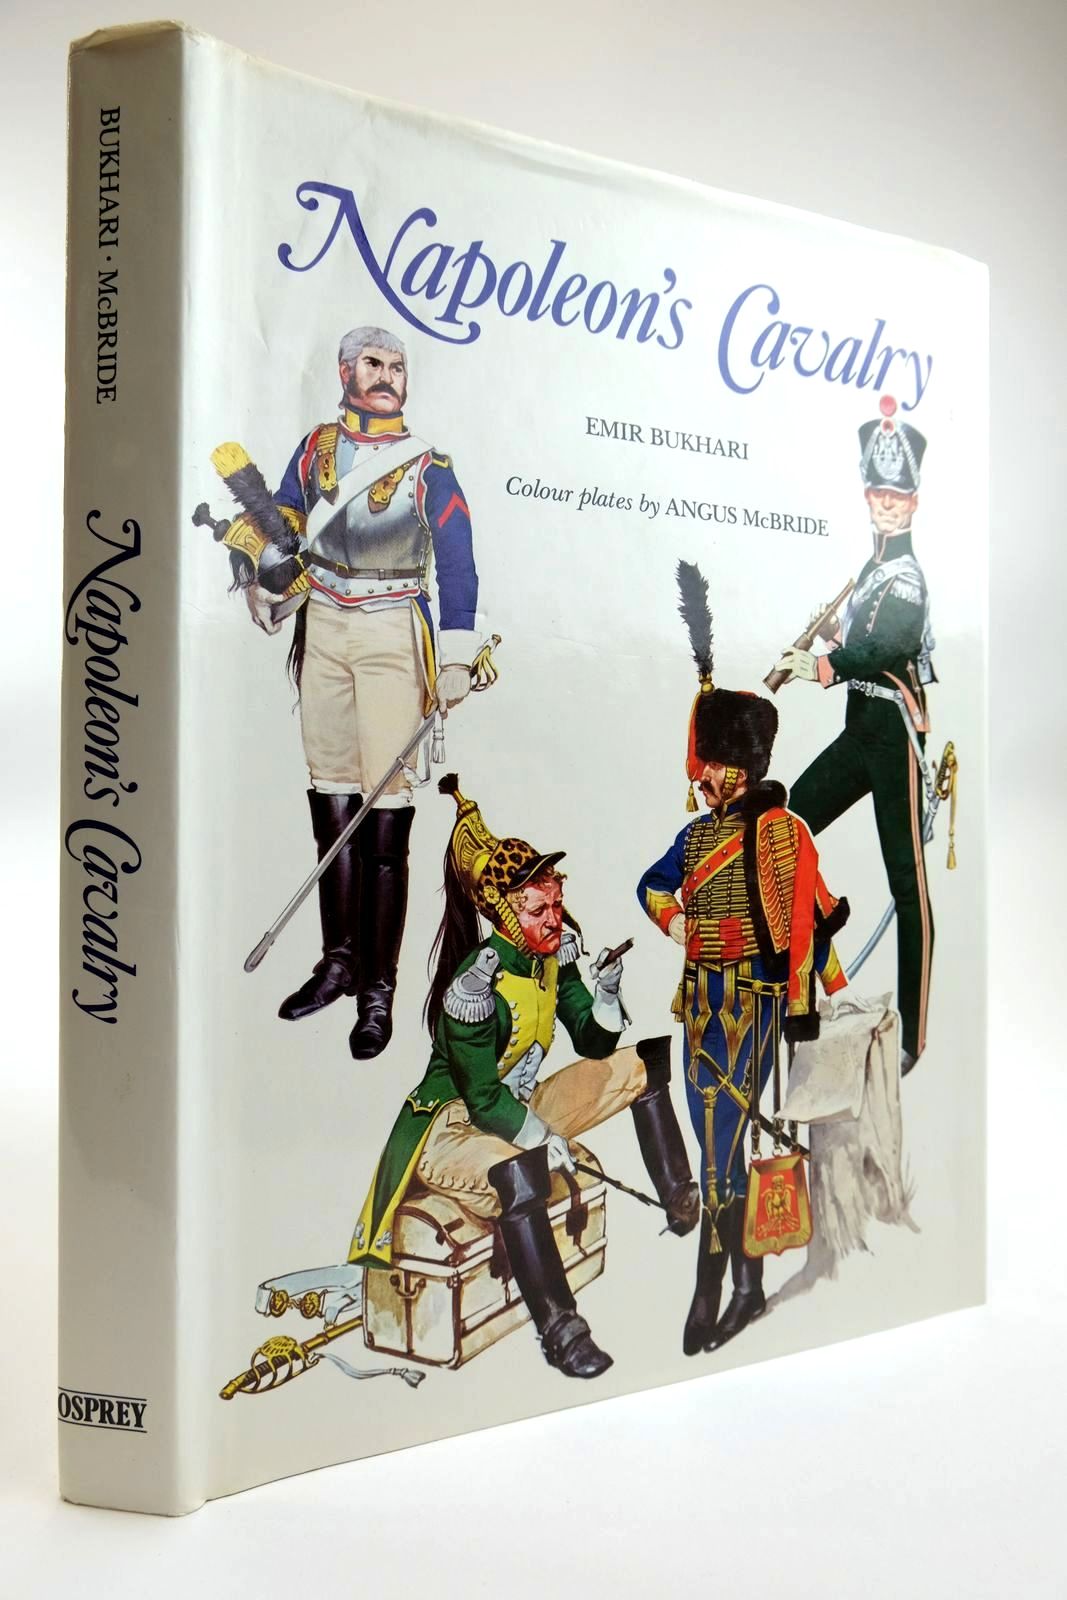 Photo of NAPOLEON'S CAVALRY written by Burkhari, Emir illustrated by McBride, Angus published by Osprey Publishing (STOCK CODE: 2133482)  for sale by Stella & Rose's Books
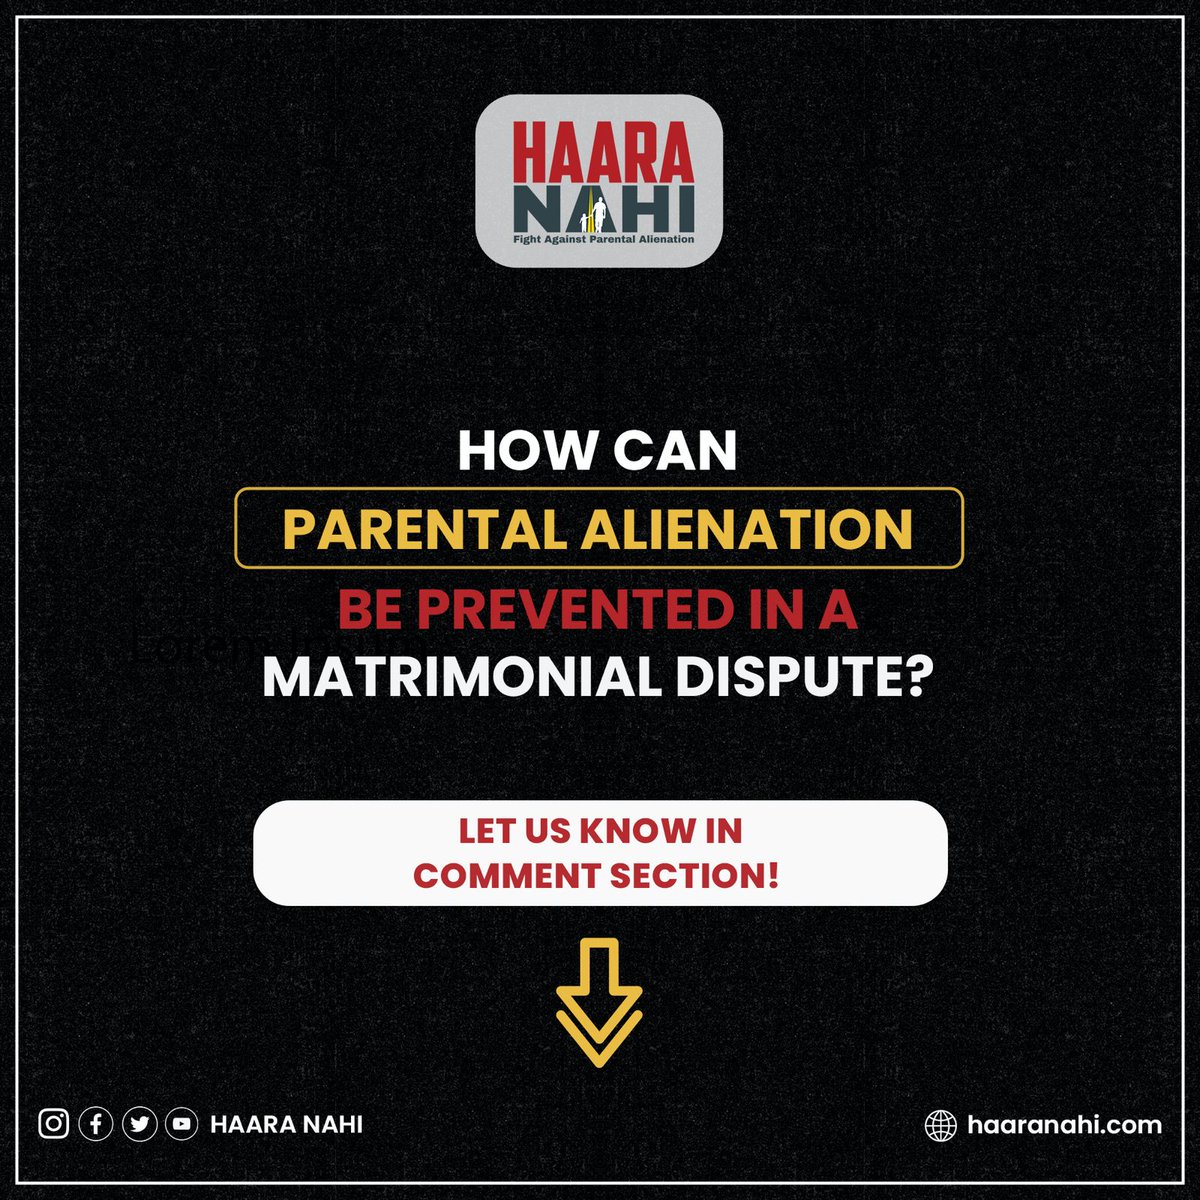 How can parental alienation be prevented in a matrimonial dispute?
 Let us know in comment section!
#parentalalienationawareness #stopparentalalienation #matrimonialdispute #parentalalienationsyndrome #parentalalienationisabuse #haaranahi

TASK DETAILS
Each line of the listing above must be given again exactly; the pictures are to be left out.

RESULT FOR THIS TASK
 Photo of NAPOLEON'S CAVALRY written by Burkhari, Emir illustrated by McBride, Angus published by Osprey Publishing (STOCK CODE: 2133482)  for sale by Stella & Rose's Books
 How can parental alienation be prevented in a matrimonial dispute?
 Let us know in comment section!
#parentalalienationawareness #stopparentalalienation #matrimonialdispute #parentalalienationsyndrome #parentalalienationisabuse #haaranahi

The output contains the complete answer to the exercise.